▶ [DATASET EXCERPT]:

————

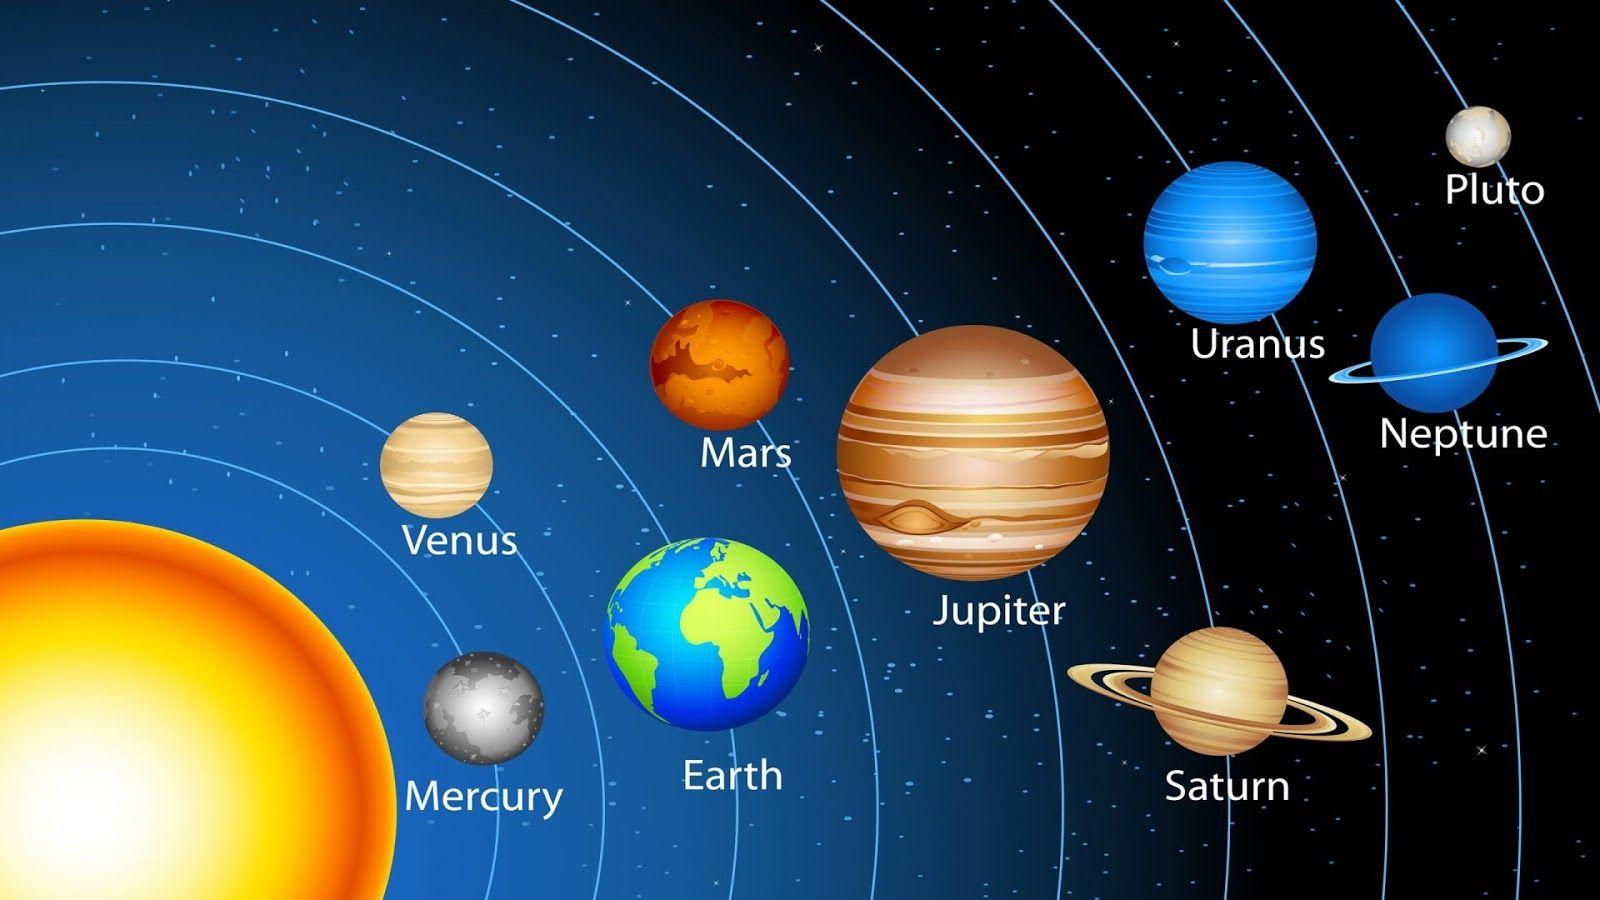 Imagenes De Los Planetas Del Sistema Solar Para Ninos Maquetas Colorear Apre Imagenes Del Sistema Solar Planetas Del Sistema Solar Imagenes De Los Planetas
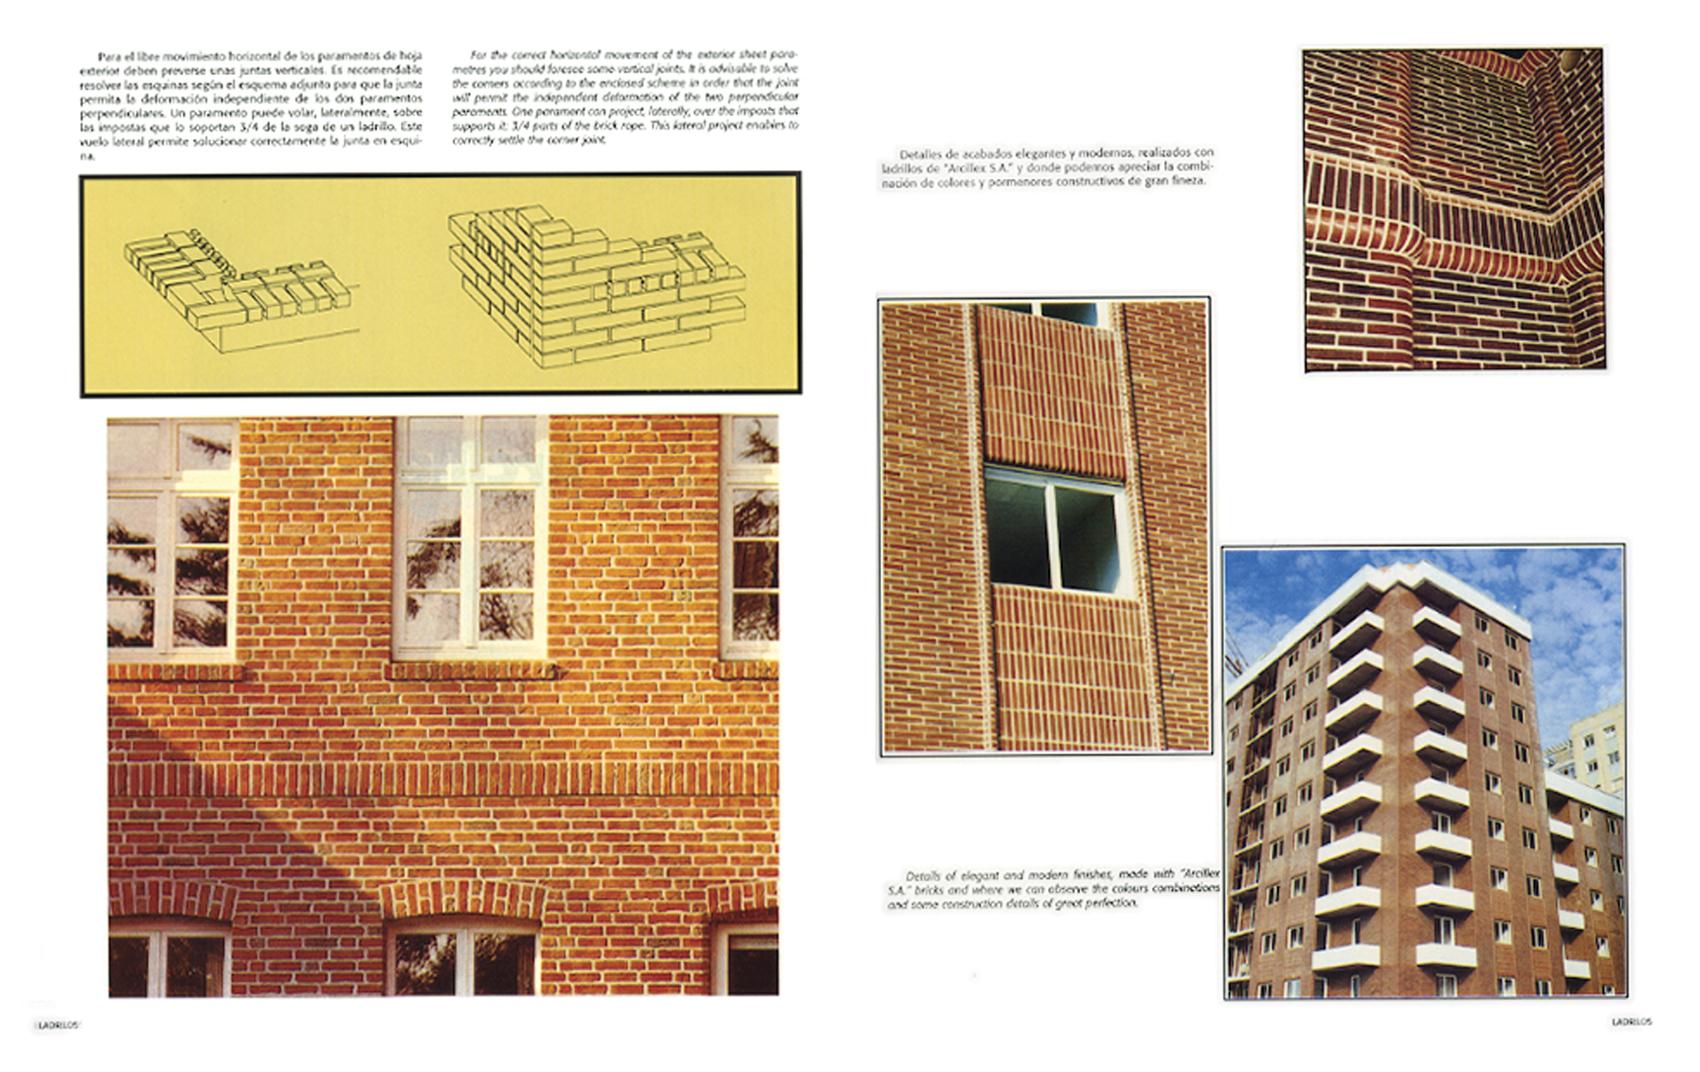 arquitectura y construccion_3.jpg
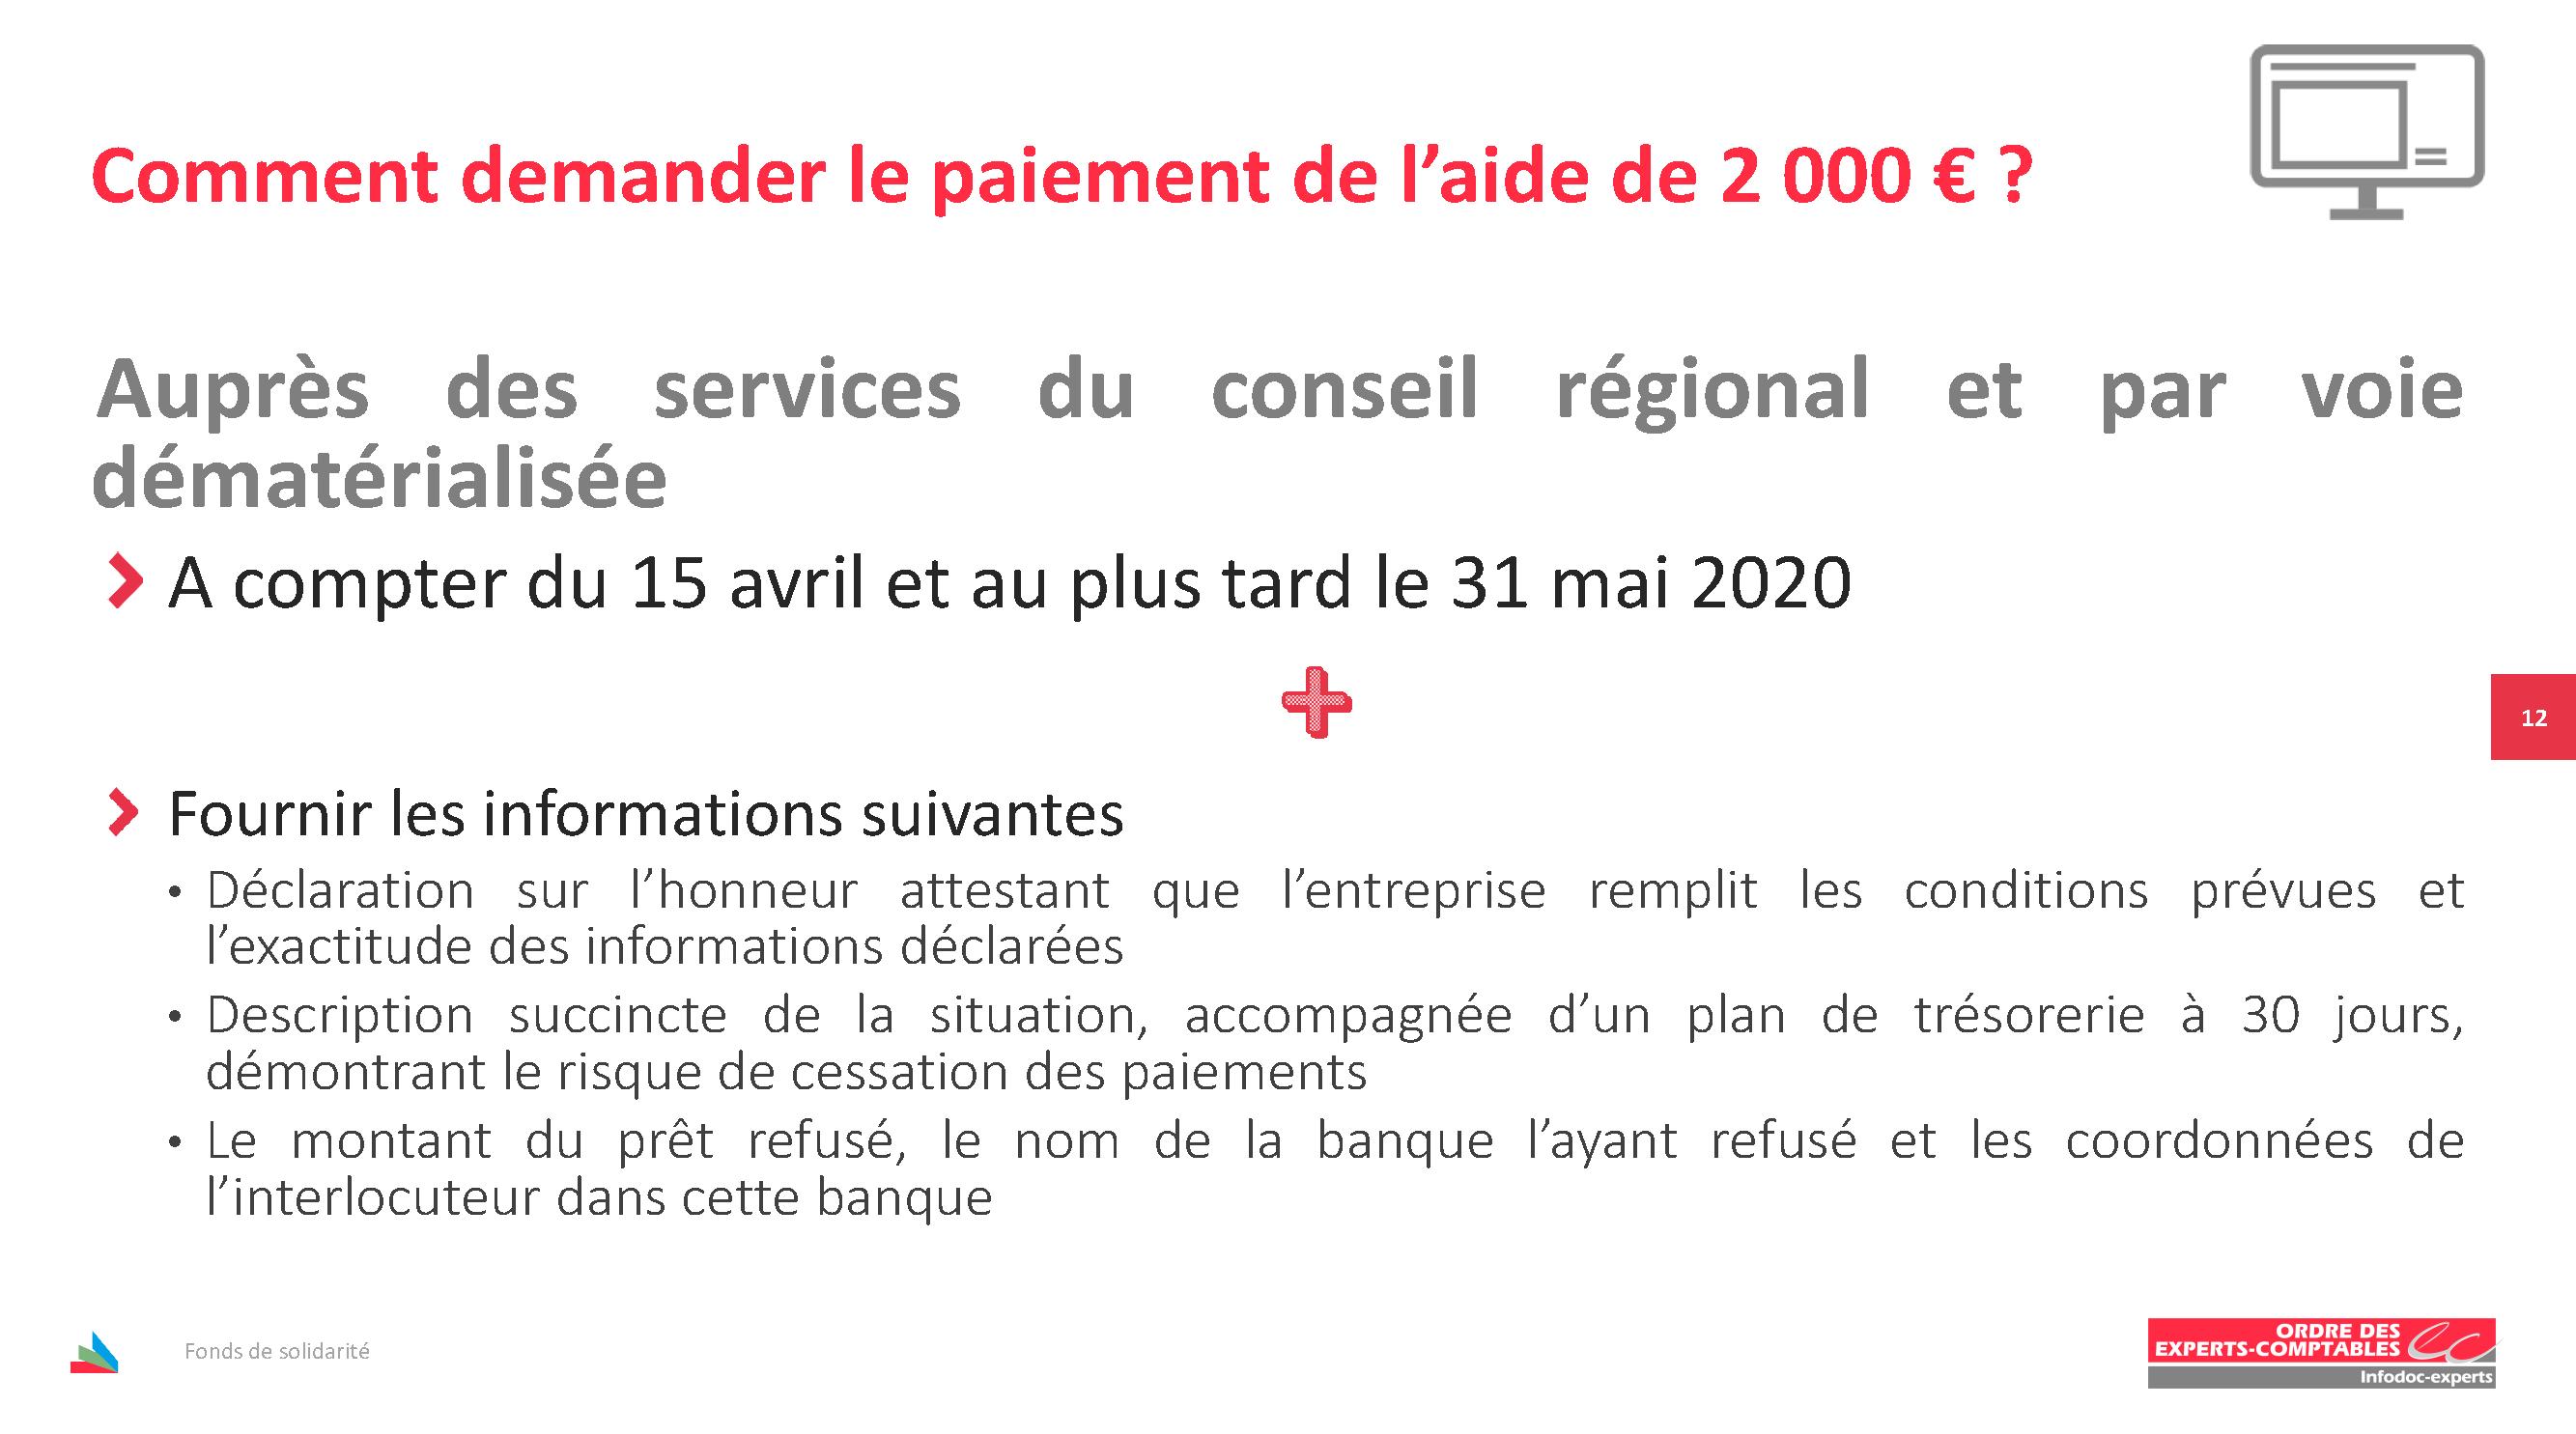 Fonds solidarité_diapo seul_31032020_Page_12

————

Please retype the data exactly. The pictures do not go in.

▶ [WRITTEN RESPONSE]:
 Imagenes De Los Planetas Del Sistema Solar Para Ninos Maquetas Colorear Apre Imagenes Del Sistema Solar Planetas Del Sistema Solar Imagenes De Los Planetas
 arquitectura y construccion_3.jpg
 Fonds solidarité_diapo seul_31032020_Page_12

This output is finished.